Saturday 3 June 2017

From "The Price of Sugar" to the cost of no water!

Fr. Christopher Hartly came to our attention through the documentary called the Price of Sugar - a documentary readily available on YouTube that details the abuses of the Haitian Refugees in the Dominican Republic by the Sugar Plantation Owners.



Fr. Hartly came and spoke at St. Michael's School 5 years ago. He had to leave the Dominican Republic because of Death Threats. He is now working in the community of Gode in Ethopia - in a mission there. He sends updates regularly - I am on his email list. 

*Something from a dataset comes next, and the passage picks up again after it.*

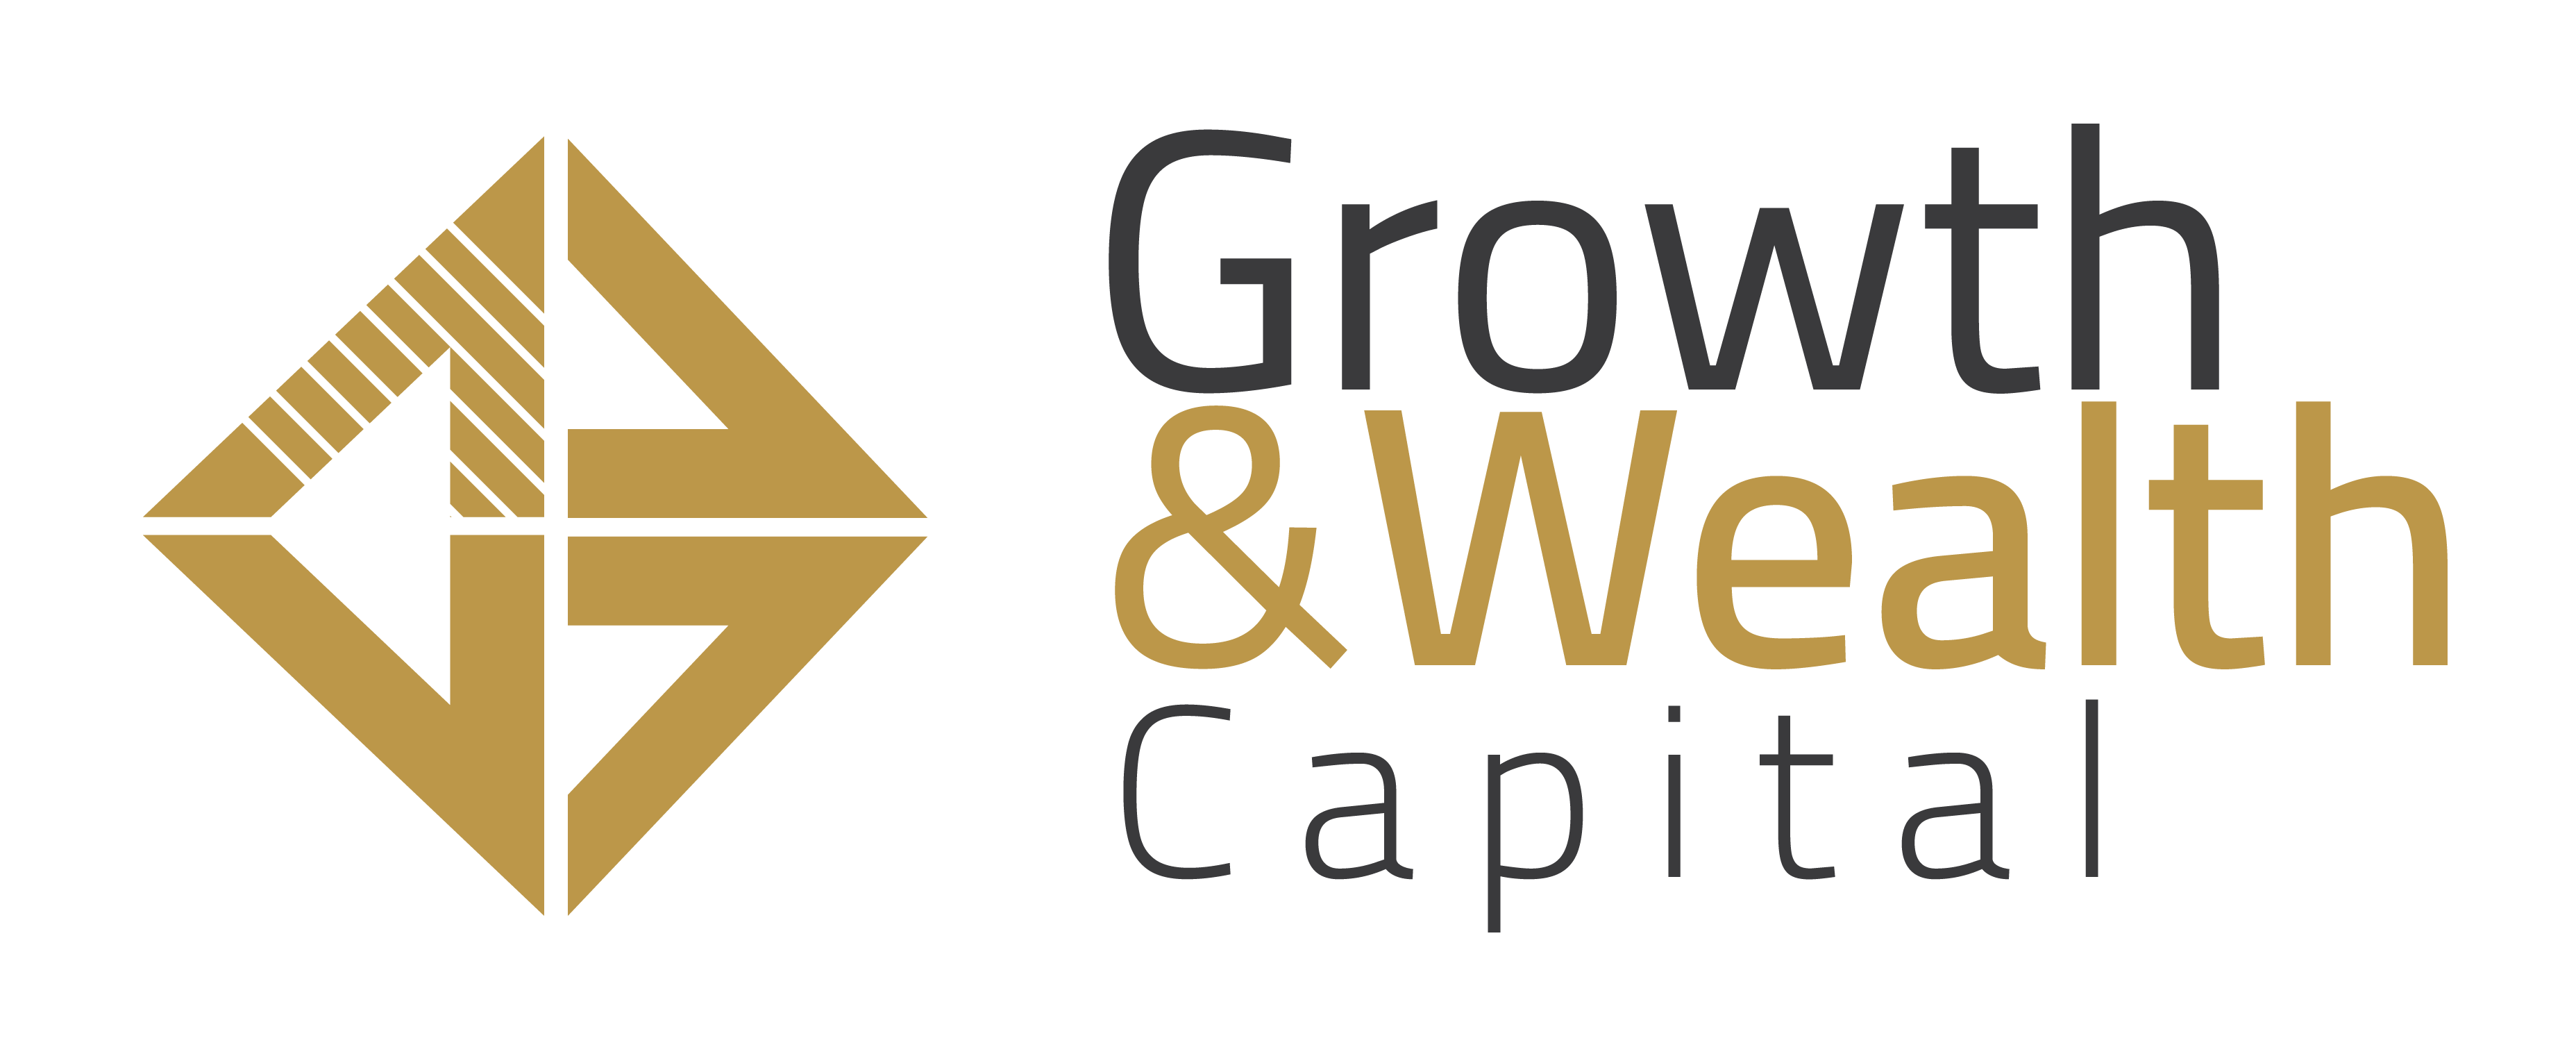 Growth & Wealth Capital

This letter came in at the beginning of Lent:

When Even the Camels Die of Thirst

Dear Friends of the Mission,

For the last year and a half, not a drop of rain has fallen in Gode and the Somali region of Ethiopia.
Here everything is dying.
It is dramatic to see people arrive at the rickety hospital of Gode, by any means of transport, including carts driven by donkeys, carrying squalid and dying patients.
People arrive with their last breath and sometimes they die within in a few minutes, in the hands of helpless doctors because of the magnitude of the tragedy.
It is so sad and heartbreaking to see the fields devastated by the drought. Here nothing grows, neither corn, nor soybeans, no cereals, here everything is swept away by gusts of wind in giant clouds of dust that soil and clothes it in coats of gray. 
Every morning when I leave the house, before dawn, to celebrate the Holy Eucharist, I see the dead cattle on the roadside… cows, goats, sheep ... The stench is dreadful and the spectacle so terribly sad. 
At this time, all that Gode breathes is death and desolation.
For a few months now, we have had a young English doctor working with us. He spends mornings and afternoons at the public hospital. Thanks to him we are receiving firsthand information on the magnitude of the drama that these people are experiencing. 
Last Thursday, March 2, he warned us that an unusual number of patients were dying (in fact, the first six of them died in the Gode hospital that afternoon), brought from the Afder area, whose capital is Hargele.
We soon learned that the problem was that, because of the desperation to bring water in trucks to the most remote villages, some NGOs had taken water from a dam near the city of Hargele, which was completely polluted and infected.
That same night I loaded the off-road vehicle of the mission with all the medicines that we had at that moment at our disposal and at 5:00 am last Friday I went to Hargele. It was 230 kilometers of terrible road. Before 10 in the morning, I was already in the hospital of the city. I met the medical director and gave him the medicine. It was very sad to hear this man, Abdisalem Mohamed, to tell the tragedy of all those hundreds of people who came every day infected with terminal typhus.
In these days when the whole Church, as a faithful bride of Jesus Christ, accompanies his way of the cross through the countless painful paths of this world, it is not difficult to recognize the face of the passion of Christ in the small macerated bodies of these children.
By mid-morning, I decided that it was imperative to look for the villages from where the sick people arrived, to really understand the problem. What no one had told me was that there was no real roadway to get to those settlements. So, with the 4x4 ready and gritting our teeth, we went trudged those 40 endless and unforgettable kilometers.

We finally arrived drowned in dust from head to toe and scorched with heat. The people immediately swirled around us to tell us about their tragedy. We went to the polluted well and saw the putrid water, that had caused so much death and desolation. 
On the way, we saw many animals that had died of thirst and starvation. People said to us: "Abba (Father), when the camels are dying of thirst is when we do not have much life left." 
I asked to visit the sick who were too seriously ill to be taken to Hargele Hospital. They showed me a cabin in which several sick people lay on the ground.
There were two very young boys in a ragged white nurse robes. I asked them about the symptoms. "Do they have a fever?" I asked. One bowed his head in embarrassment and said, "We do not know because we do not have a thermometer."
I gave them the few medicines we still had and some clean water. We had to return to Gode and we had more than five hours of road. You feel so powerless, so disturbed inside when you see these scenes ... You simply ask "Why?"

Some of our Confirmation Collections will match the Money raised at St. Michael Secondary School and be sent over to Fr. Hartly's Mission.